• [Task]: Your answer must be an exact copy of the data below, minus any pictures.

• [Collected data]:
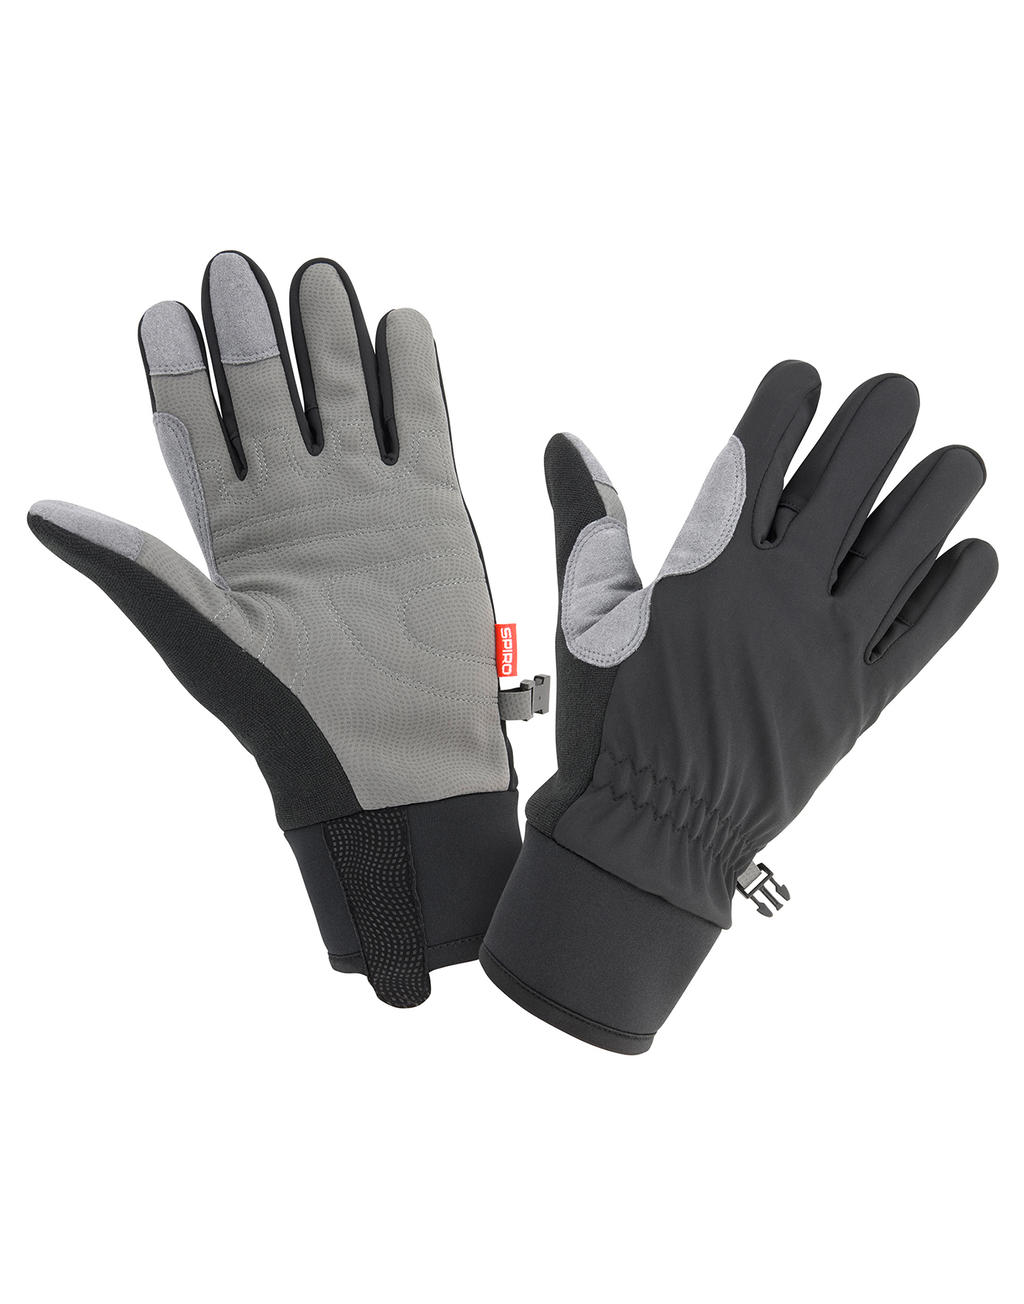 Spiro rukavice Winter - black/grey
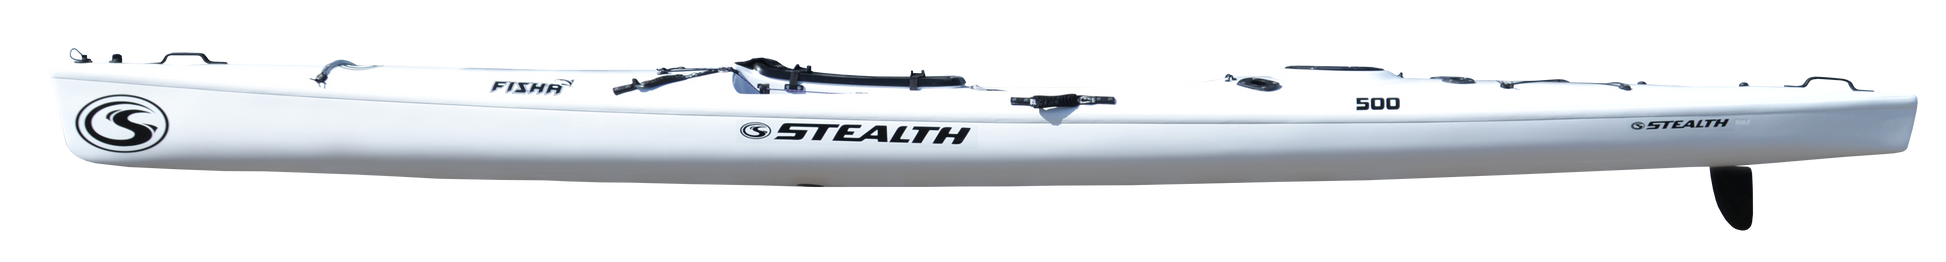 Stealth Fisha 500 Kayak - Wild Coast Kayaks
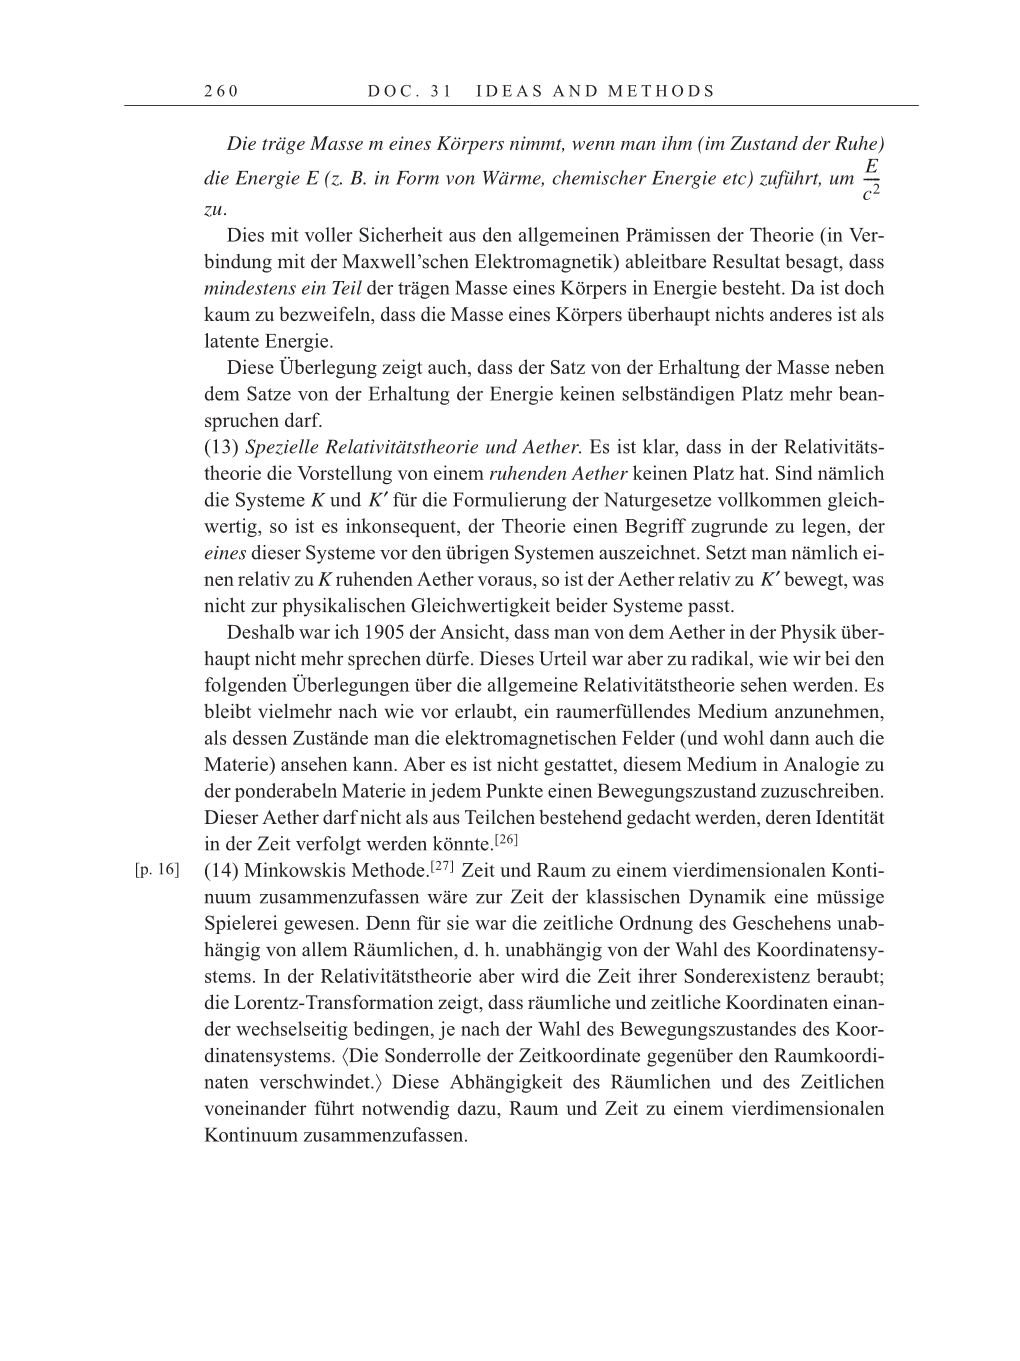 Volume 7: The Berlin Years: Writings, 1918-1921 page 260
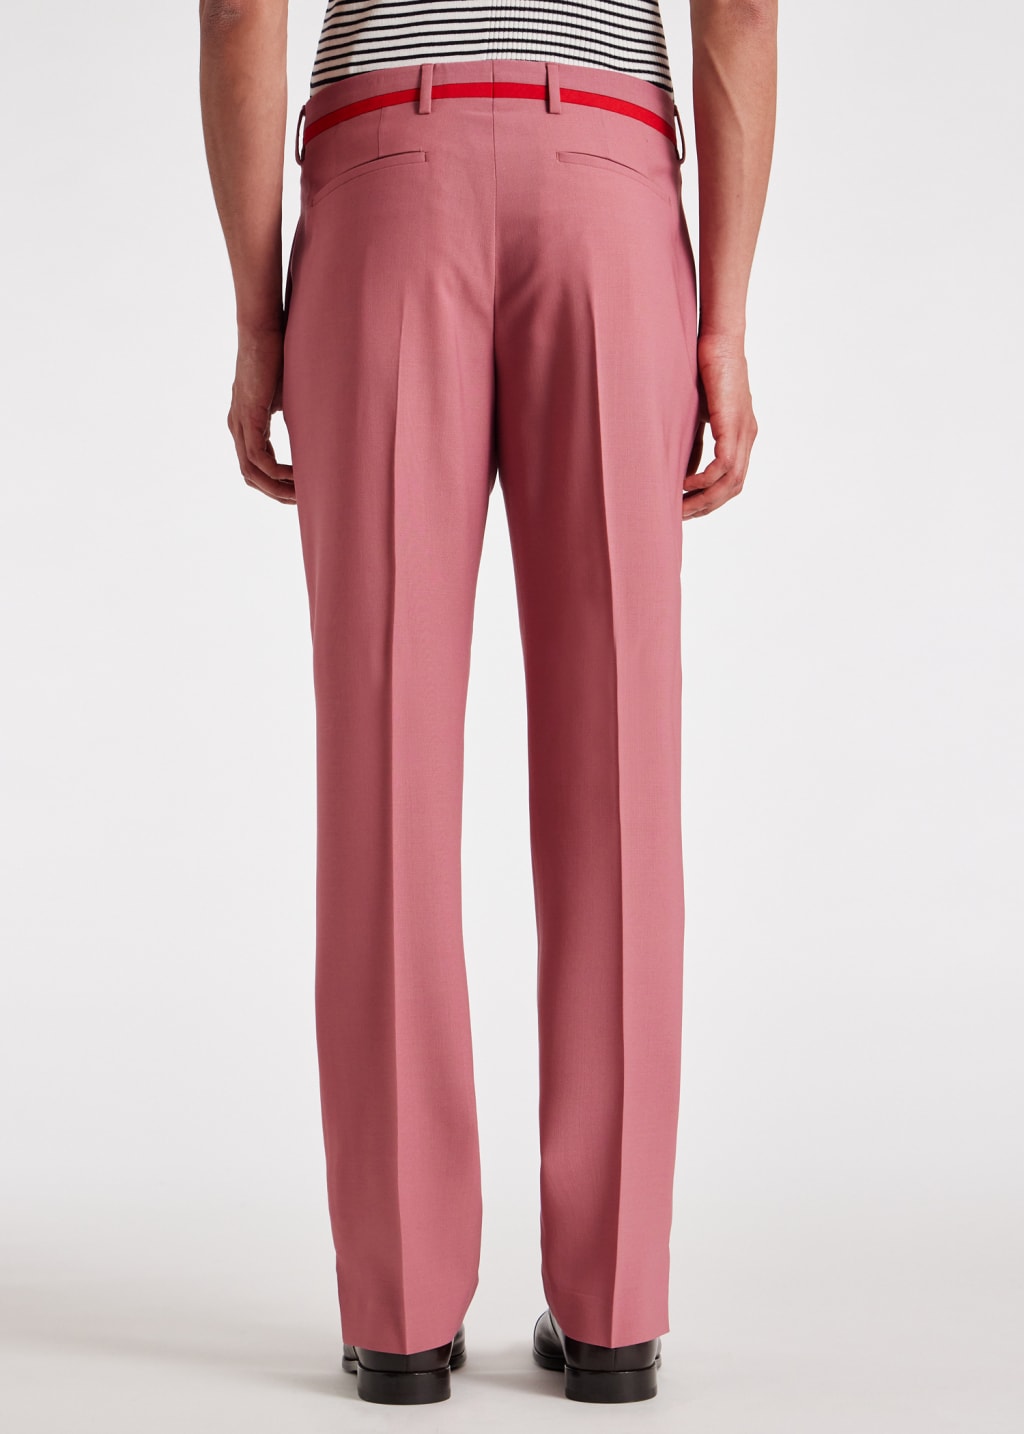 Model view - Pink Fresco Wool Trousers

• [Answer]:
 Spiro rukavice Winter - black/grey
 Stealth Fisha 500 Kayak - Wild Coast Kayaks
 Volume 7: The Berlin Years: Writings, 1918-1921 page 260
 Model view - Pink Fresco Wool Trousers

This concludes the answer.